Make It Work For Different Goals
- Cutting sugar: pour over ice and lengthen with seltzer; aim for a single can.
- Calorie awareness: pick the 5% line on weeknights; save the 8% for weekends.
- Gluten avoidance: this line is gluten free, so it’s an easy swap for beer.
Ingredient And Process Snapshot
The base is fermented apple juice from a mix of culinary and bittersweet apples. After fermentation, the maker blends to a consistent taste profile across batches. Some variants fold in fruit flavors. Final sweetness is set by stopping fermentation earlier or by back-sweetening, then force-carbonating for that lively pop.
Reading Retail Panels Like A Pro
Retailers often upload the back-of-can panel. Those images show carbs in the mid-to-high 20s on the 8% line. A cherry flavor near the same ABV pushes calories past two hundred, which matches what you taste in the glass.
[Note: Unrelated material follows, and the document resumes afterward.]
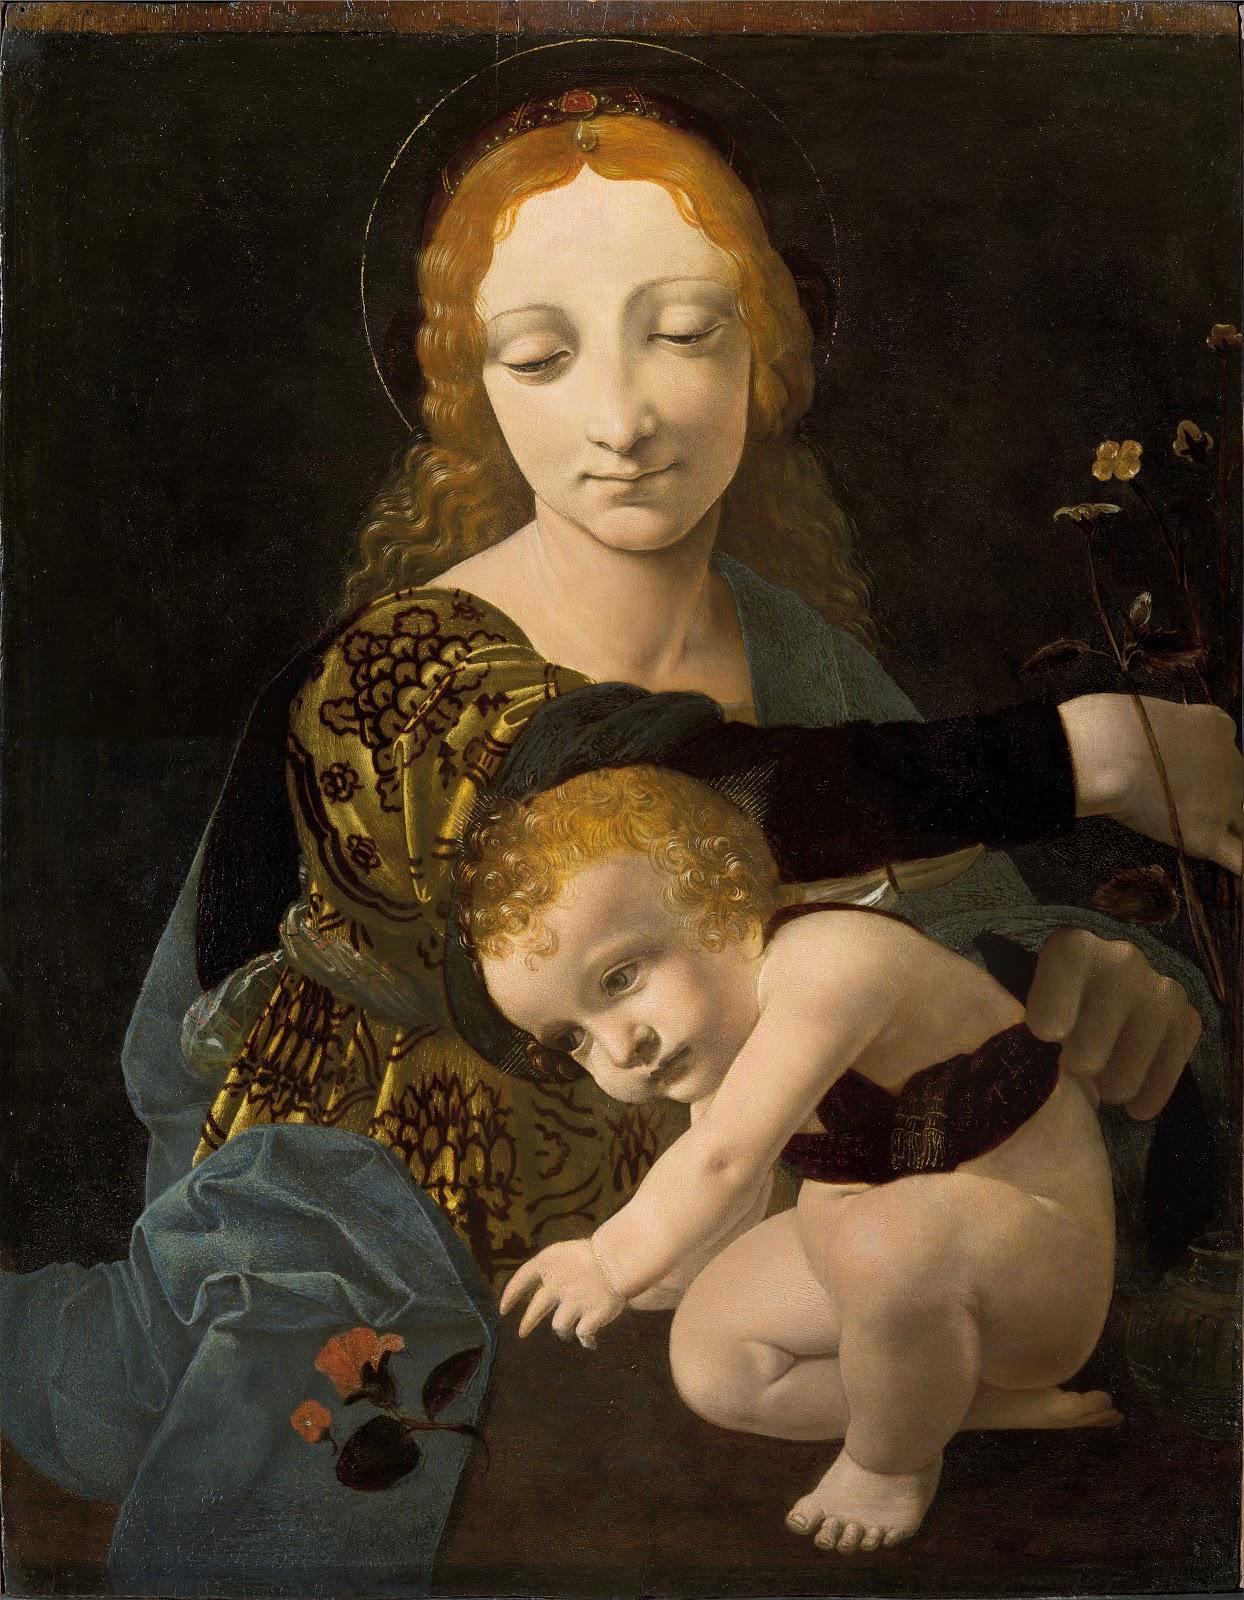 Джованни Антонио Ольтраффи Мадонна с Амбино Музей Полди Пеццоли Милан

Quick Choices When You’re At The Store
| Pick | Why Choose It | What To Expect |
|---|---|---|
| 8% Crisp Imperial | Apple-forward, semi-sweet finish | ~200 kcal, ~25–30 g sugars |
| Dark Cherry Imperial | Fruit-forward treat night | ~210+ kcal, sugars trend higher |
| Standard 5% Bottle | Lighter daily option | ~170–200 kcal, sugars lower |
Trusted Pages If You Want Receipts
The maker’s page confirms the 8% ABV and packaging for this line. For a neutral yardstick, USDA-powered datasets summarize typical carbs for a 12-oz hard cider, which helps set a realistic sugar band. To double-check a specific pack, look for retailer uploads of the side panel. Here are two clean references woven into the copy: the Crisp Imperial page from the brand, and a USDA-based hard-cider carb listing that pegs a 12-oz pour near 21 g carbs/sugars in a generic sample.
Sources And Verification
Product specs for the imperial line, including the 8% ABV and packaging, come from the maker’s site. Generic hard cider sugar and carb baselines come from USDA-powered tools that compile SR Legacy data. Retailer panels fill in the range shown on cans for calories and carbs. Labels change by market and update cycle, so check the exact can in your hand when precision matters.